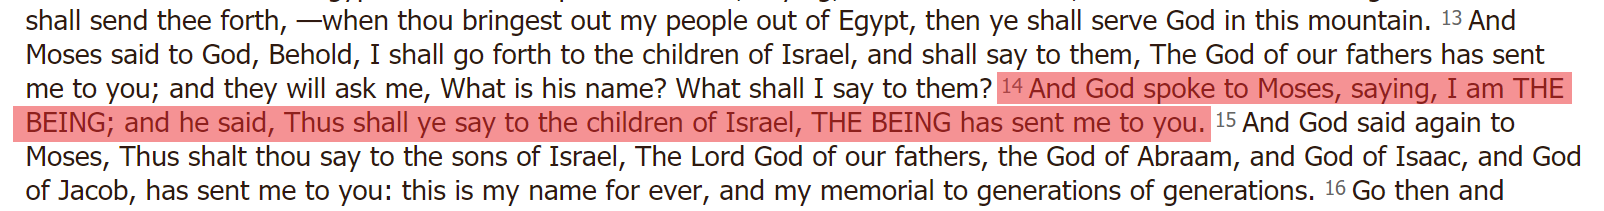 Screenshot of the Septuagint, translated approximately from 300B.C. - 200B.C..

■ ■ ■ ■

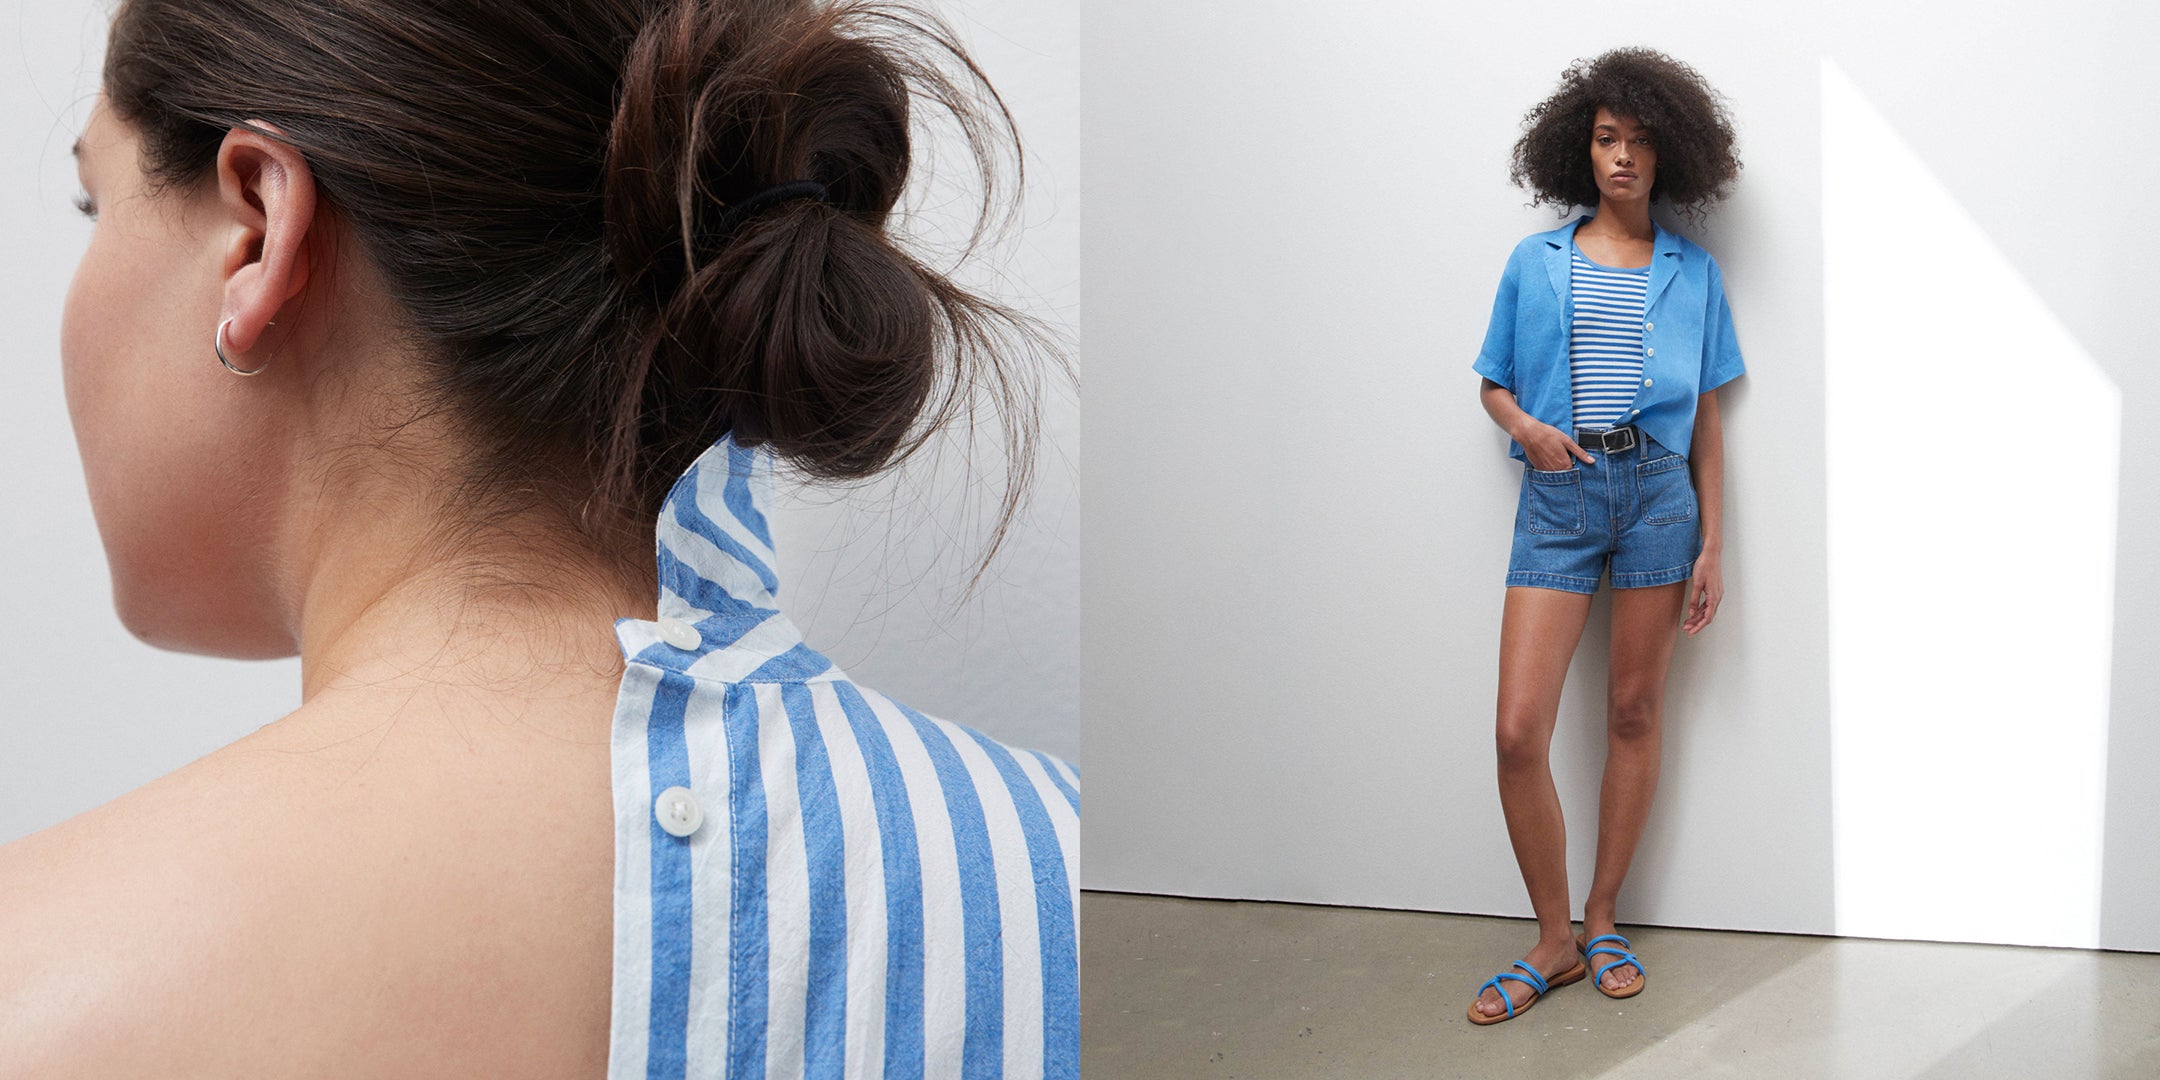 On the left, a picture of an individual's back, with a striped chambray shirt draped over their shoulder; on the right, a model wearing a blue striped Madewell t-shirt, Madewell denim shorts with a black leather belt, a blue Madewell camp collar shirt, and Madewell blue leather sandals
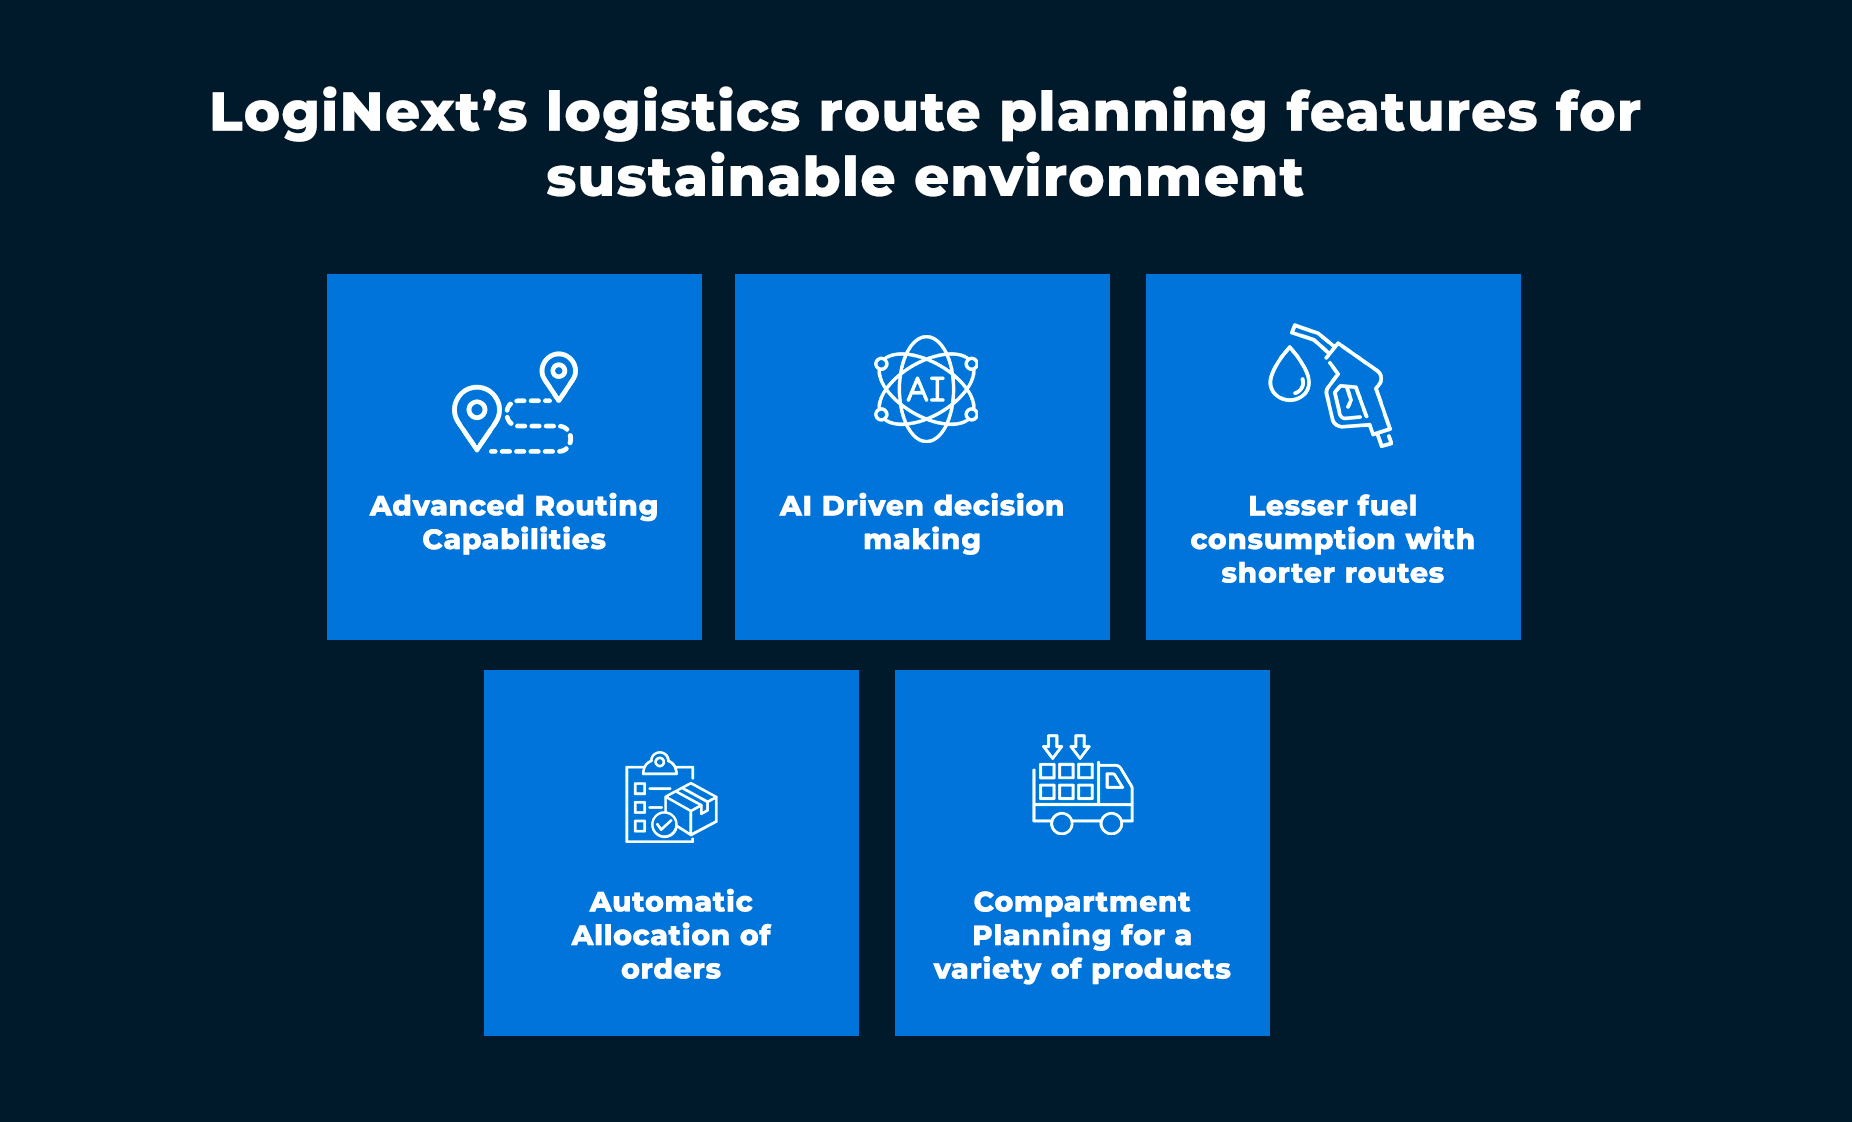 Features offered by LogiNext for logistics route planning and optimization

■ ■ ■ ■

• Your task:
Starting at the line above that holds "On the left, a", return each line up to and including the one that holds "Features offered by", exactly as written, minus any pictures.

• Written answer:
 On the left, a picture of an individual's back, with a striped chambray shirt draped over their shoulder; on the right, a model wearing a blue striped Madewell t-shirt, Madewell denim shorts with a black leather belt, a blue Madewell camp collar shirt, and Madewell blue leather sandals
 Features offered by LogiNext for logistics route planning and optimization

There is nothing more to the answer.